Meghan, who lives in the Shaw neighborhood, changed her mind and decided to give John half of her ten dollars…who knows, maybe that compliment literally paid off!  “He’s great,” she told me.  So then something happened that had never happened so far this year.  John said he wanted to give me his five dollars!  What could I do but accept it.  I’ve put that five dollars toward covering my costs for the Year-End celebration on  December 14th!

“I saw you walk around the fountain twice and then come over toward me,” Meghan began saying, “I was ready to hurt you with my ½ inch steel bike lock!”  Phew…good thing I made a good impression!

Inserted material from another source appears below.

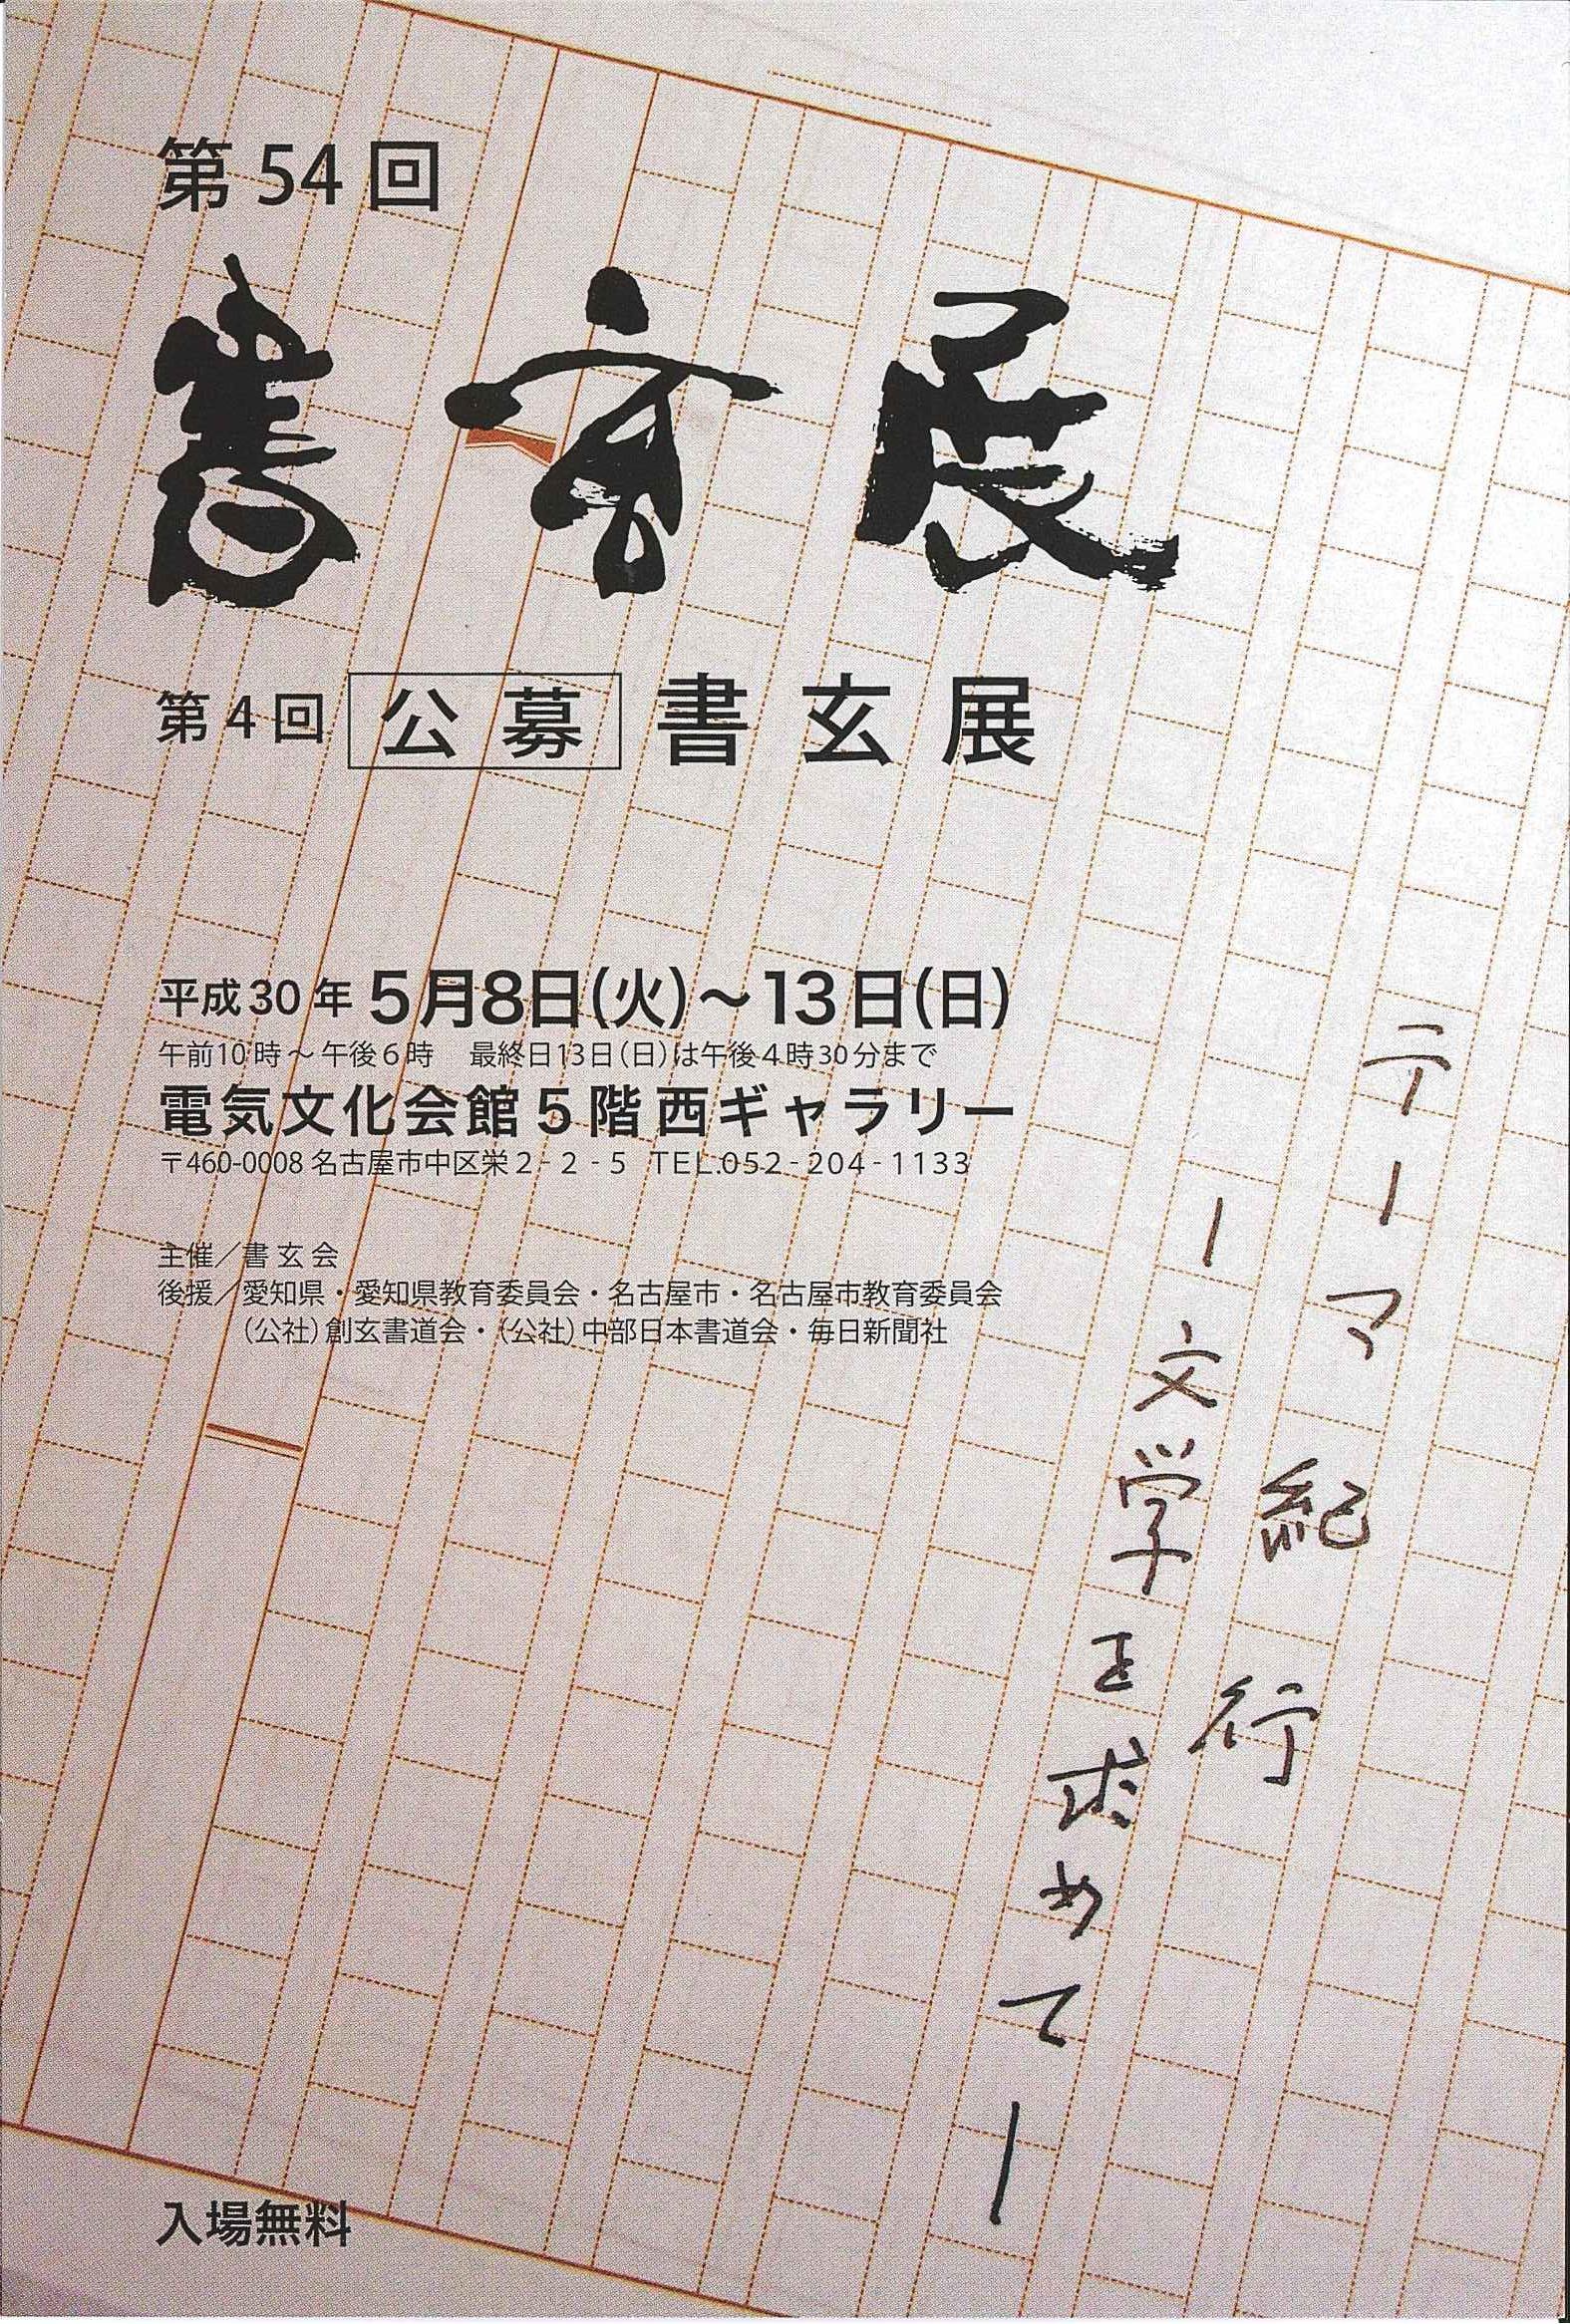 http://www.sogen.or.jp/letter/2018/04/23/20180423153116227_0001.jpg
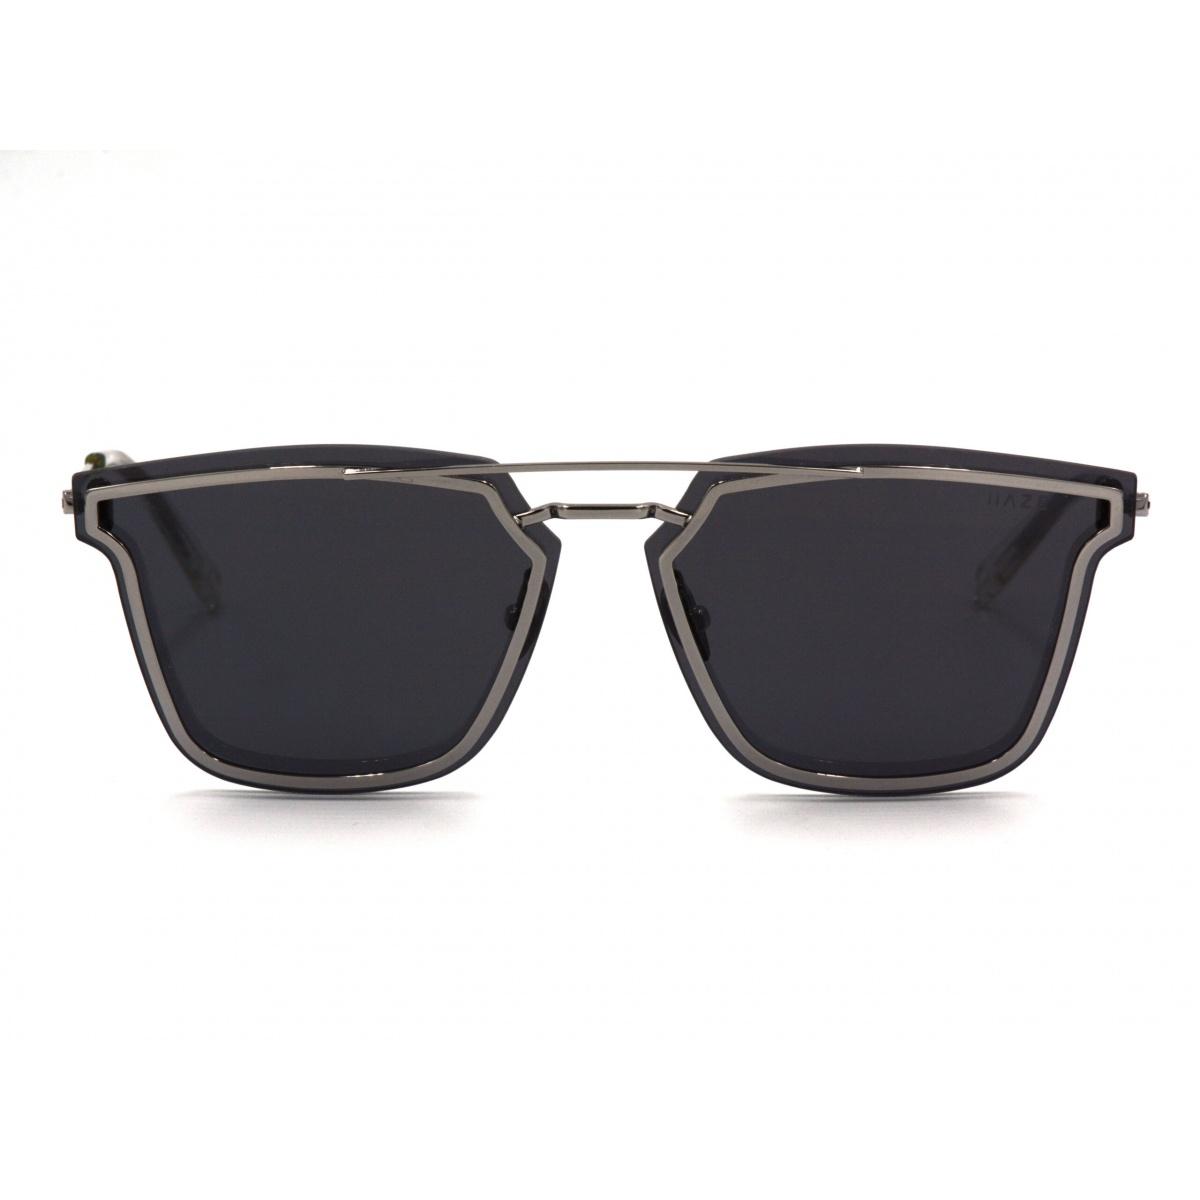 Γυαλιά ηλίου HAZE COLLECTION BOND 1BK 67-11-145

Me, Meghan and John. Meghan holding her $5, me holding the $5 that Meghan gave to John and he passed on to me!

Here is a quick story to make you feel good on Thanksgiving!  John told me that he was at the American Museum of Natural History New York City this summer when he found $70 on the ground.  “I turned it in to the information desk figuring someone had dropped it,” he explained.  He gave them his information as well and would you believe four months later they called John and told him that since nobody had claimed it that they were going to send it to him.  Wow…can you believe it?  It gets better.  “I told them to keep it and consider it a donation,” John said humbly.  I love it!

We’re getting ready to sit down for dinner now.  I was in charge of making two stuffings…one a regular bread stuffing full of celery, sausage and sage that my mother used to make…it’s my favorite.  The other is a cornbread stuffing that my grandmother (Dad’s mom) used to make.  I hope you enjoy your Thanksgiving, but do take a moment to reflect on all that you have to be thankful for.